### Raw data
· · · ·
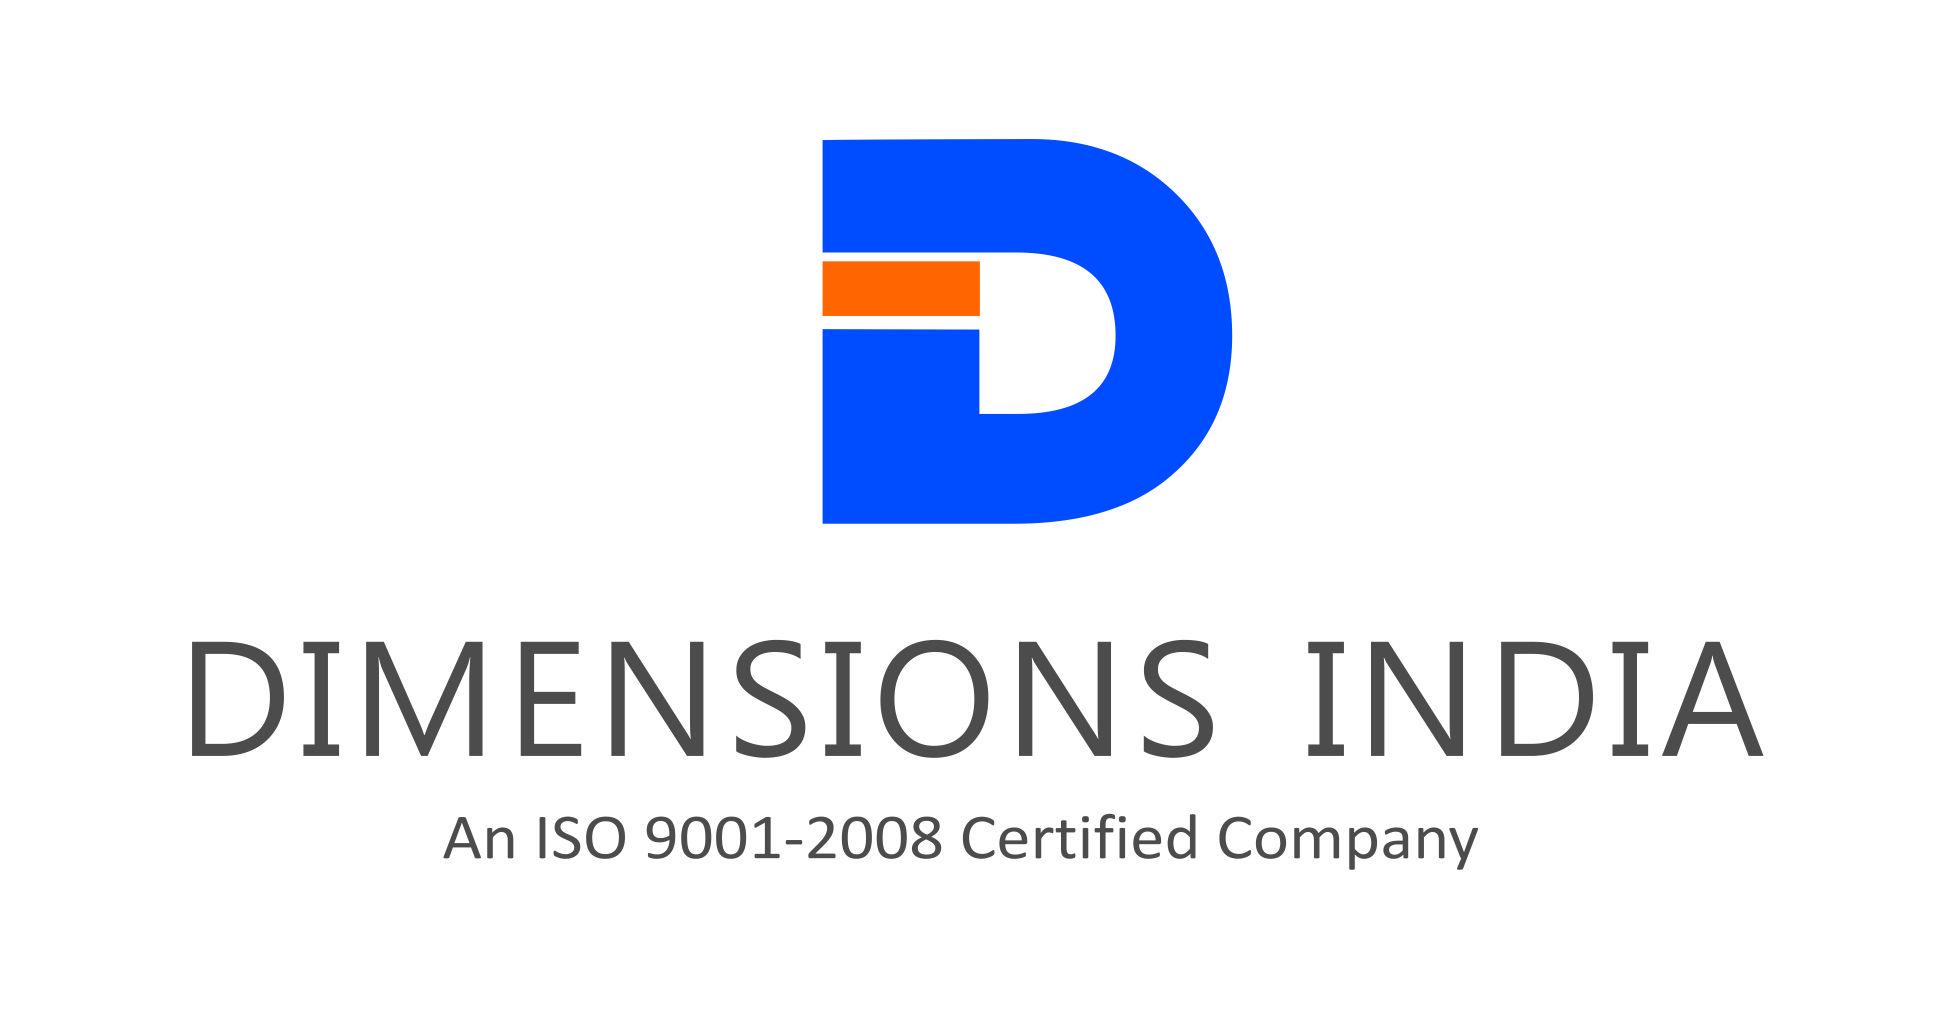 LED SIGN BOARD +918860908890 - logo
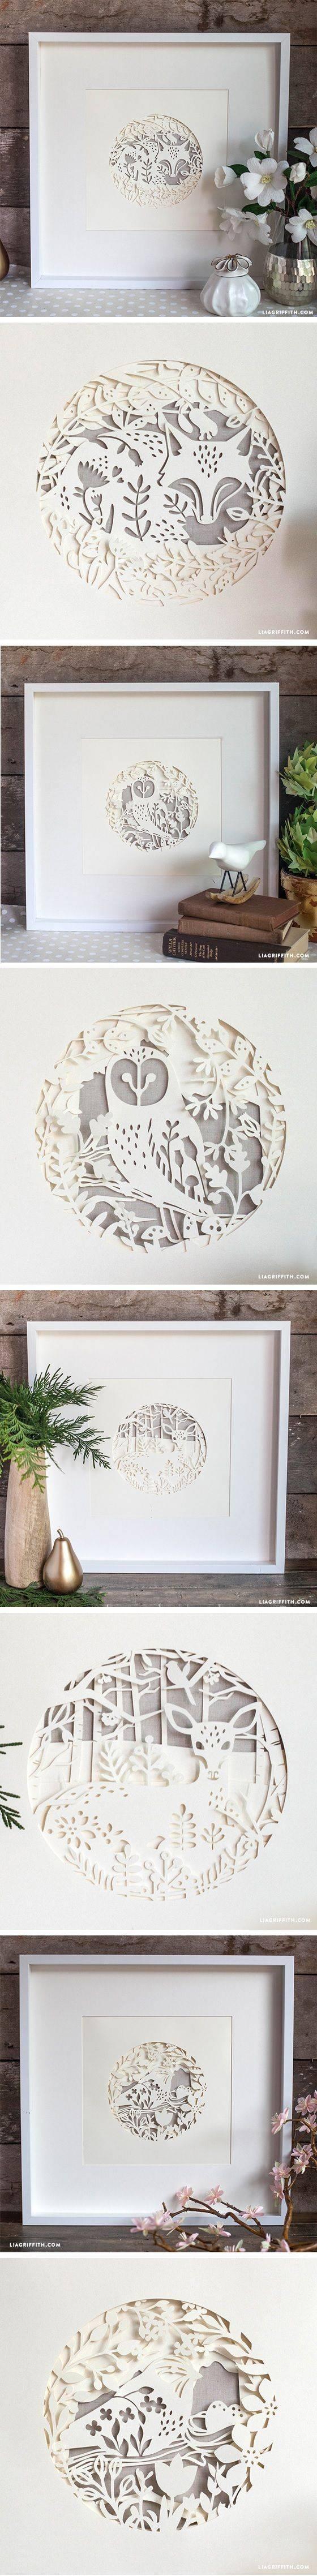 25+ Unique 3D Wall Art Ideas On Pinterest | Butterfly Wall, Diy Regarding Best And Newest Animals 3D Wall Art (View 2 of 20)
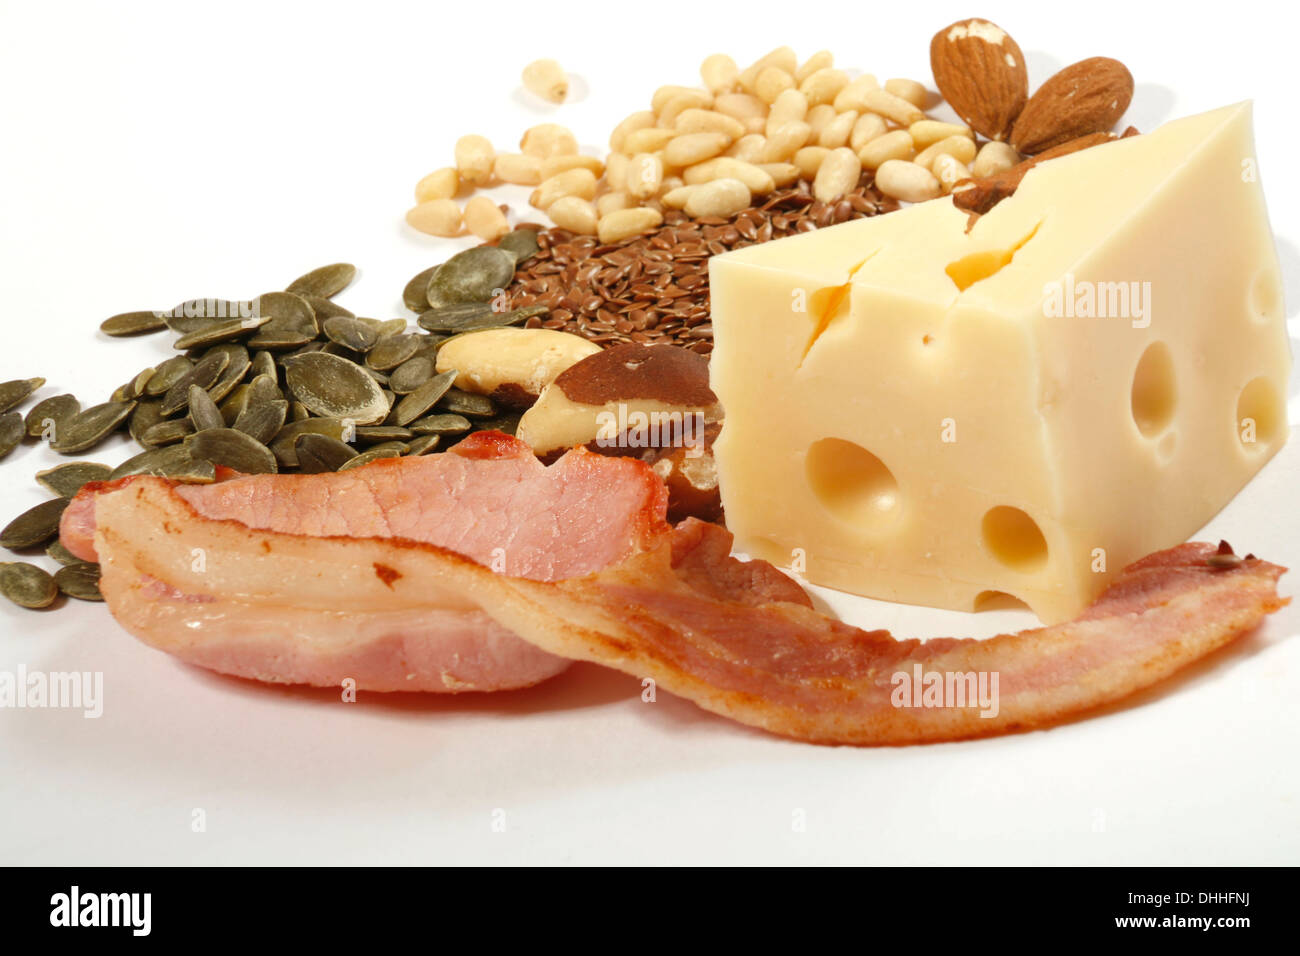 Foods Rich in Phosphorus - Stock Image
· · · ·
### Activity
Return all of the material precisely as written. No picture belongs in it.

### The completed task
 LED SIGN BOARD +918860908890 - logo
 25+ Unique 3D Wall Art Ideas On Pinterest | Butterfly Wall, Diy Regarding Best And Newest Animals 3D Wall Art (View 2 of 20)
 Foods Rich in Phosphorus - Stock Image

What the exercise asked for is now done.